Properly tabbing and annotating your CPC exam books is not just a nice-to-have strategy — it is a core competency that distinguishes candidates who finish the exam with time to spare from those who run out of time on the final questions. The open-book format sounds reassuring, but the exam's time pressure means every second you spend flipping through an untabbed manual costs you points. Professional coding educators universally agree that a well-organized set of tabbed books functions almost like a second brain during the test, guiding your hands to the right page in seconds rather than minutes.

For the CPT codebook, the most commonly recommended tabbing system starts with color-coded tabs for each of the six main sections: Evaluation and Management (E/M), Anesthesia, Surgery, Radiology, Pathology and Laboratory, and Medicine. Within the Surgery section, additional tabs for each body system sub-section — Integumentary, Musculoskeletal, Respiratory, Cardiovascular, Digestive, and so on — allow you to navigate directly without scanning the table of contents. Many candidates use a different tab color for the Appendices, particularly Appendix A (modifiers), Appendix B (new, revised, and deleted codes), and Appendix C (clinical examples for E/M codes).

Handwritten annotations are permitted on CPC exam books, and using them wisely can dramatically speed up your code lookups. Writing a brief note next to a code range such as "see also 99213 for office visit" or flagging a commonly missed parenthetical instruction with a personal symbol helps your eye land on critical information instantly. However, AAPC's rules prohibit pre-printed sticky notes or commercially prepared tab systems beyond what is naturally part of the book — check the current AAPC testing policies before exam day to confirm what is allowed, as these rules are periodically updated.
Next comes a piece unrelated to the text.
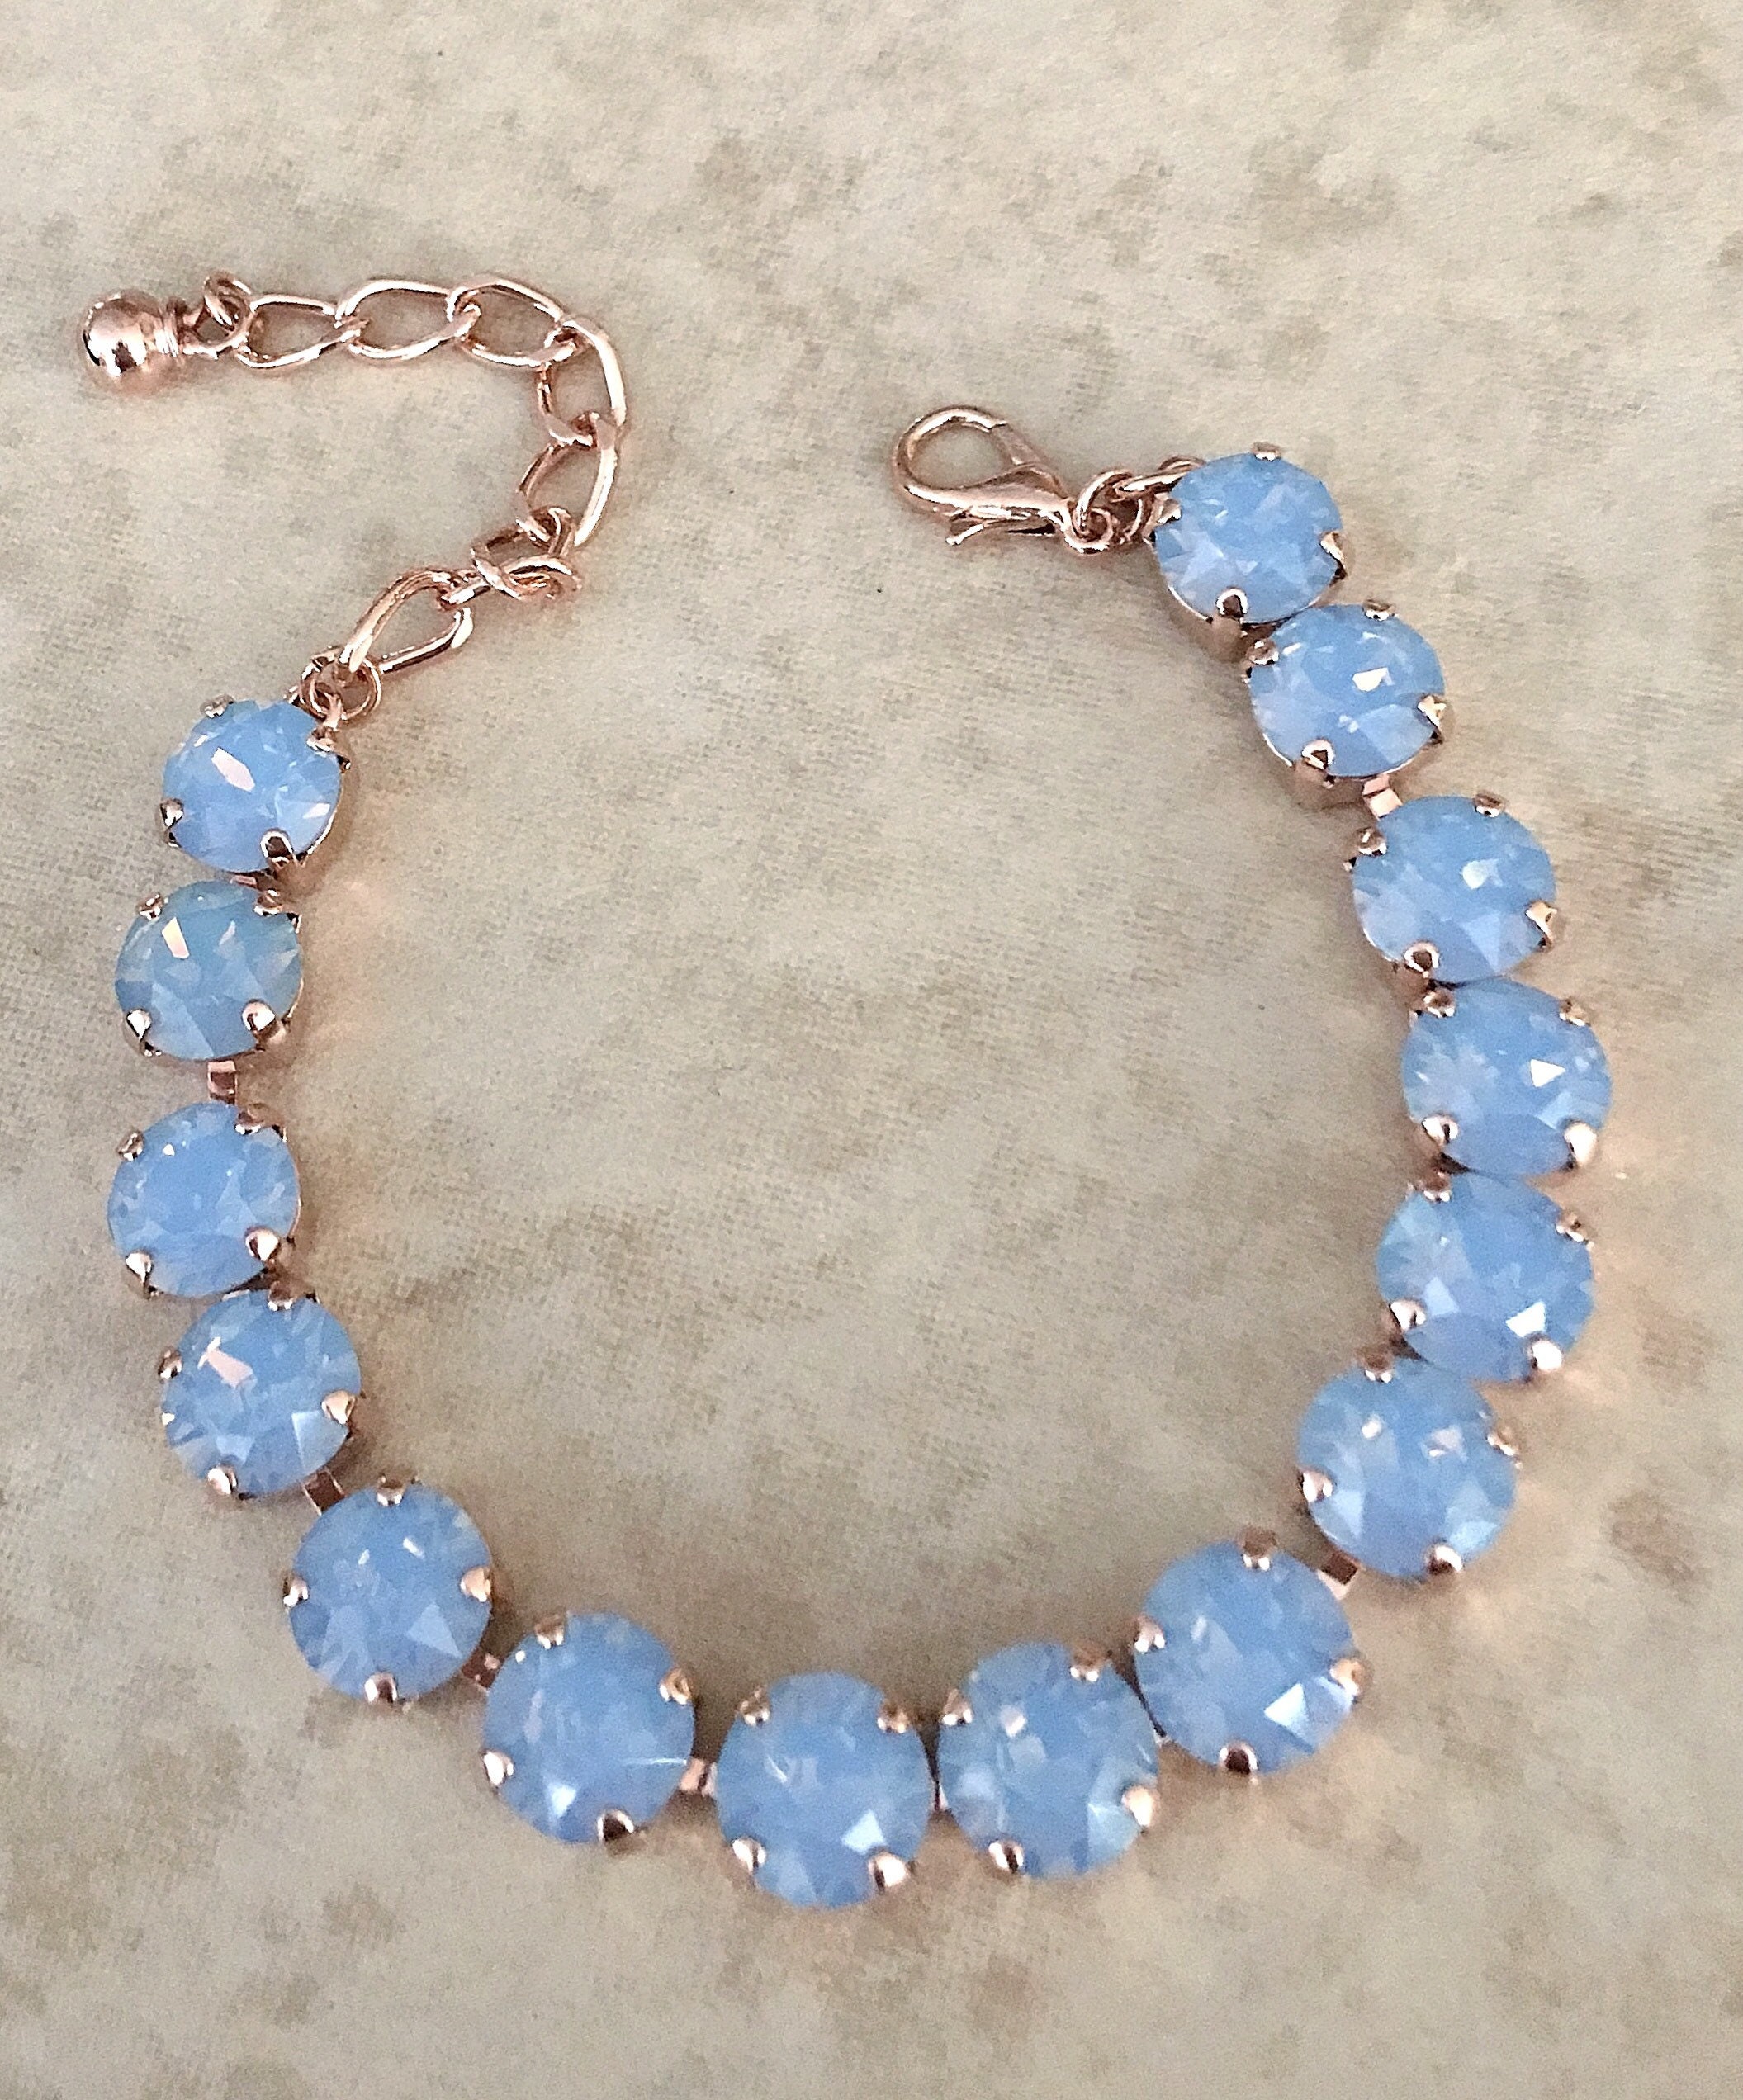 Crystal Bracelet | Buy Online Natural Pink Opal Cube Beads Bracelet

The ICD-10-CM manual benefits from a different tabbing approach. Because ICD-10-CM codes are organized into 22 chapters based on body system or disease etiology, placing chapter dividers lets you jump immediately to the correct section.

More importantly, many experienced coders recommend creating a personal index card or writing directly on the inside cover with reminders about Official Guidelines that are most frequently tested: guidelines about sequencing principal diagnoses, coding uncertain diagnoses in inpatient settings versus outpatient settings, and rules for coding chronic conditions versus acute episodes. These distinctions show up repeatedly in exam questions and are easy to forget under pressure.

HCPCS Level II tabbing is simpler because the codes are organized alphabetically by letter ranges (A codes through V codes). Tabs for each letter range are sufficient for most candidates. The more important preparation work for HCPCS is understanding the modifier section at the front of the book.

CPC exam questions on HCPCS modifiers frequently require you to distinguish between similar modifiers with subtle differences, such as modifier LT versus modifier 50 for bilateral procedures, or understanding when RT/LT modifiers apply versus other laterality designations. Writing a brief comparison note directly in your manual next to commonly confused modifiers can save significant time on exam day.

The AAPC official study guide, while not a code book, benefits from extensive highlighting and tabbing as well. Mark the content domain percentages at the beginning — E/M coding alone represents roughly 21% of the exam — so you can prioritize your study time proportionally.

Highlight the anatomy diagrams because several CPC questions require you to identify anatomical structures to select the correct surgical code, and quick visual reference during the exam is far faster than trying to recall anatomy from memory. Creating a personal cheat-sheet summary of the most important anatomy terms directly on the inside back cover of your study guide is a strategy many successful candidates swear by.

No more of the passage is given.